I get the feeling Wellness is supposed to be an awkward, sad comedy about a hapless fellow who just can't catch a break. The problem, then, is that it's rarely actually funny, and the story of the poor guy who can't catch a break is bleak and depressing. There's never any payoff, no relief, no redemption. What did this tragic character do to deserve such treatment?

His name is Thomas Lindsey, and the film's best attribute is the outstanding performance by unknown actor Jeff Clark in the lead. Thomas is middle-aged with a wife and kids back home, and he's currently driving around Pennsylvania trying to find investors for Wellness, a revolutionary new health product. Or, at least it's supposed to be. Thomas, not a great salesman to begin with, isn't exactly clear on the particulars about Wellness. All he knows is that he'll never make his own investment back if he doesn't recruit others to sell it.
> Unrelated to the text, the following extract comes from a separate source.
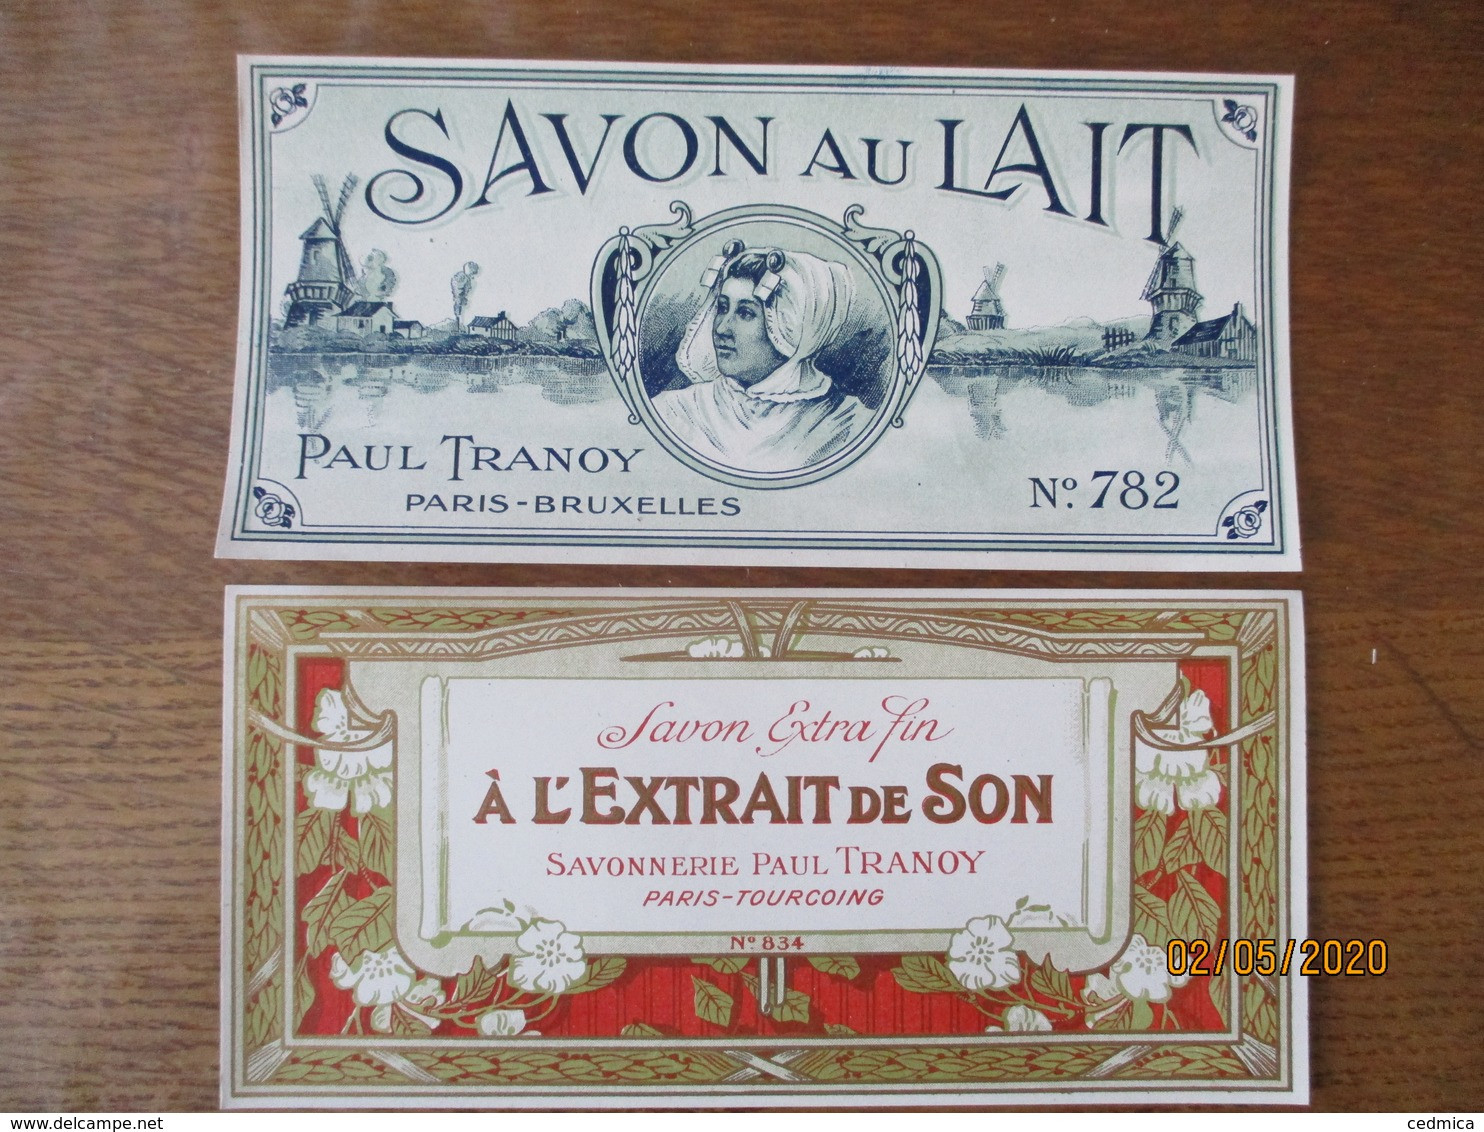 2 ETIQUETTES SAVON AU LAIT PAUL TRANOY PARIS-BRUXELLES ET SAVON A L'EXTRAIT DE SON SAVONNERIE PAUL TRANOY PARIS TOURCOIN - Labels

Yes, it's a multi-level marketing scheme, and like 99 percent of all people who get involved with MLMs, Thomas is in the process of getting royally screwed. His hard-nosed supervisor, Paul (Paul Mahaffy), has joined him briefly to see how he's doing and give him tips on salesmanship -- and, it should be noted, to pick up Thomas' own last bit of buy-in money.

We see the handwriting on the wall long before Thomas does, and Clark's disheveled, naturalistic performance lets us see Thomas' painful realization process. He's a good, honest man who's now trapped in a business where good, honest men cannot succeed. It's no world for a guy like him.

There is a little comedy in Thomas' hopeless attempts to explain a product he's never seen, and we can laugh sorrowfully at the unprofessional-looking fliers he slaps together for a seminar ("PARADIGM SHIFT!!!!" one declares, as if that means anything).

Writer/director Jake Mahaffy (son of the actor who plays Paul) uses realistic dialogue and a verite shooting style to give the film something close to a documentary feel. This is marvelously effective at drawing us in to Thomas' miserable life, which is made all the more depressing by the slushy, wintry towns in which the film was shot.

The question is why. Why are we watching this? What is the point of it all? What lesson are we meant to learn? Thomas has little in the way of a character arc apart from slowly accepting his sad fate, and though there is some small poignancy in Thomas' symbolic hobby of collecting empty hornets' nests -- like Wellness, the nests have no intrinsic value and have been abandoned by their creators -- that's hardly enough to supply the film's theme all on its own. In the end, Wellness is all tragedy and no catharsis.